Tindakan nyata
Bantuan kemanusiaan dari masyarakat dan pemerintah Indonesia dipastikan akan terus dikirimkan bagi Muslim Rohingya, demikian pula penyelesaian melalui jalur diplomasi akan terus diupayakan.
Namun, sebanyak-banyaknya bantuan yang dikirimkan dan sekuat-kuatnya diplomasi di tingkat pemerintah beberapa negara, kenyataannya, sedikitnya 1.000 orang telah terbunuh, termasuk orang tua, wanita, dan anak-anak Muslim Rohingya, sementara 370.000 warga telah mengungsi ke Bangladesh.

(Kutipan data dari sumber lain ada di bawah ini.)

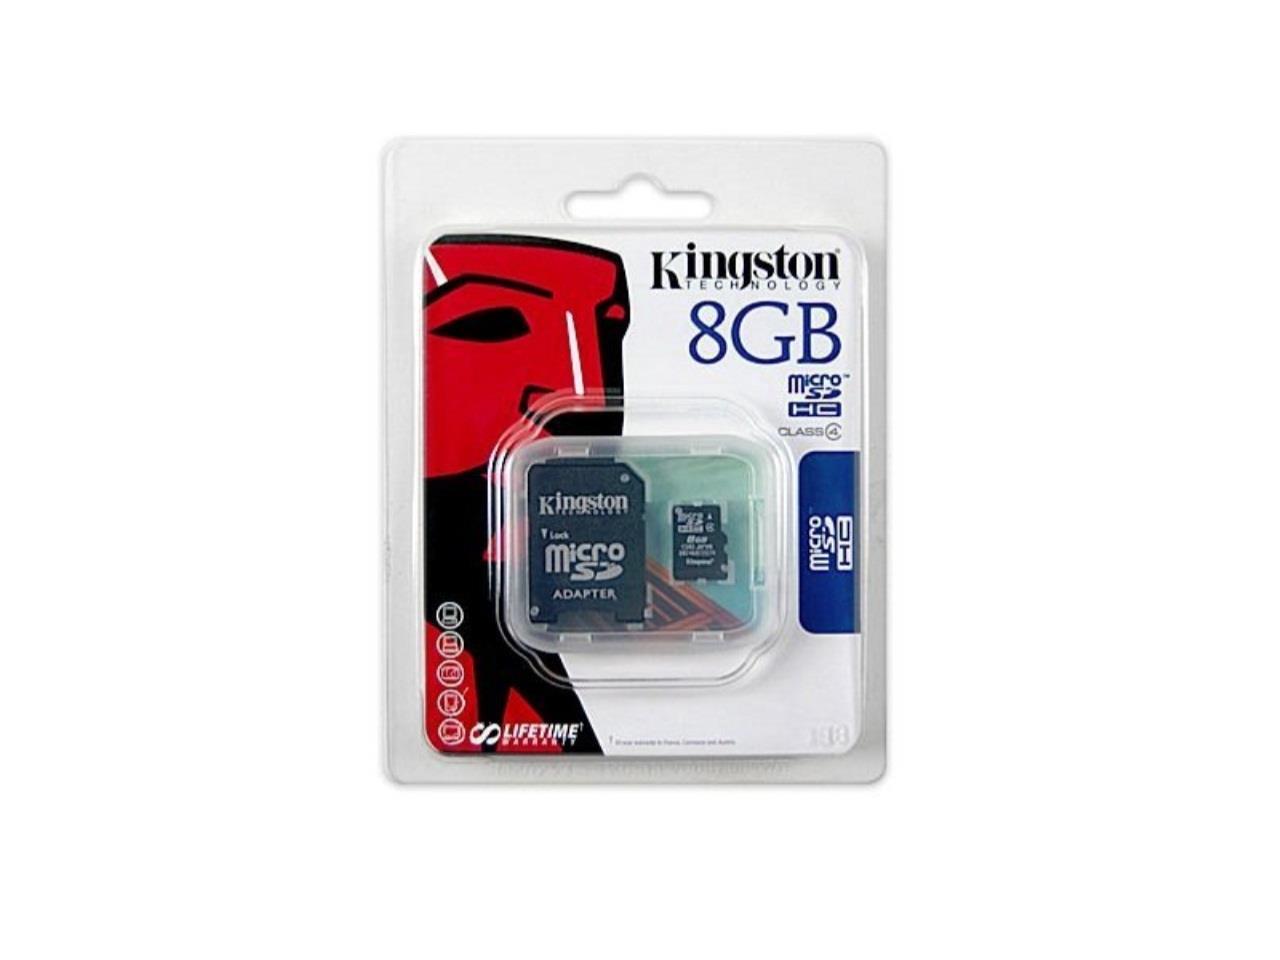 8gb microsd memory card for samsung a777 phone sgh777 - Newegg.com

Jumlah tersebut diperkirakan terus meningkat karena Pemerintah Myanmar belum berhenti menganiaya warga Muslim Rohingya. Padahal jumlah Muslim Rohingya di Myanmar hanya sekitar 1,1 – 1,3 juta jiwa dari total populasi 52,8 juta jiwa yang sekitar 88-89 persen merupakan penganut agama Budha.
Penerima Nobel Perdamaian Aung San Suu Kyi yang diharapkan membela kaum minoritas ternyata mendiamkan krisis etnis di Rakhine, bahkan dalam wawancara dengan BBC pada 6 April 2017 dia menyangkal terjadi pembersihan etnik dan menyebut konflik di Rakhine disebabkan Muslim membunuh Muslim karena mengira mereka berkolaborasi dengan pihak berwenang.
Genosida atas Muslim minoritas tidak hanya terjadi di Myanmar. Sebelumnya, sepanjang 1992 hingga 1995, sekitar 100.000 Muslim Bosnia dibantai oleh tentara Serbia sehingga peristiwa itu dianggap sebagai genosida terburuk sejak pembantaian enam juta Yahudi oleh Nazi selama Perang Dunia II (1939-1945).
Saat perang Bosnia-Herzegovina pecah, Indonesia dipimpin oleh Presiden Soeharto yang sangat terusik oleh tindakan biadab atas Umat Muslim di kawasan Balkan tersebut hingga memutuskan untuk mengunjungi Bosnia guna menengahi konflik etnik itu.
Mencapai Bosnia saat itu bukan perkara mudah, bahkan bila hal itu dilakukan oleh seorang presiden sekalipun. Dua hari sebelum rombongan Indonesia berangkat ke Bosnia, pesawat milik PBB yang melintas di wilayah negara itu ditembak jatuh pada 11 Maret 1995.
Presiden Soeharto dan pejabat pemerintah yang mendampinginya, Mensesneg Moerdiono, dan Menlu Ali Alatas harus menandatangani dokumen yang menegaskan PBB tidak akan bertanggung jawab jika terjadi hal-hal yang tidak diinginkan dalam penerbangan itu.
Pada 13 Maret 1995, Soeharto tiba di Bandara Sarajevo dan disambut oleh Diplomat Jepang yang juga Kepala Misi Perdamaian PBB, Yasushi Akashi.
Kunjungan dan pembicaraan antara Presiden Indonesia Soeharto dan Presiden Bosnia Alija Izetbegovic di gedung kepresidenan ibukota itu tentu tidak serta merta menghentikan genosida di kawasan Balkan.
Namun, kehadiran Soeharto menunjukkan dukungan kuat dan nyata dari sebuah negara Muslim terbesar di dunia dalam menghentikan pembantaian Muslim Bosnia.
Kunjungan seorang tokoh di negeri yang sedang pecah konflik menguatkan sinyal perdamaian dan menegaskan rasa empati atas kondisi memprihatinkan yang terjadi, terutama bagi para korban, seperti saat Putri Diana mengampanyekan pembersihan ranjau di Angola pada Januari 1997.
Diana tidak ikut menjinakkan ranjau-ranjau yang merupakan warisan perang kemerdekaan Angola dari pendudukan Portugal dan perang saudara puluhan tahun di negara Afrika tersebut. Namun, foto Diana dengan pakaian pelindung yang berjalan di tengah ladang ranjau Huambo pada 15 Januari 2017 mengalihkan perhatian dunia pada masalah di Angola, sekaligus memberi semangat bagi Organisasi Pendukung Kehidupan di Daerah Berbahaya (HALO) Trust yang melakukan pembersihan ranjau di Angola yang memiliki 10 juta ladang ranjau dari 37 juta ladang ranjau di seluruh wilayah Afrika.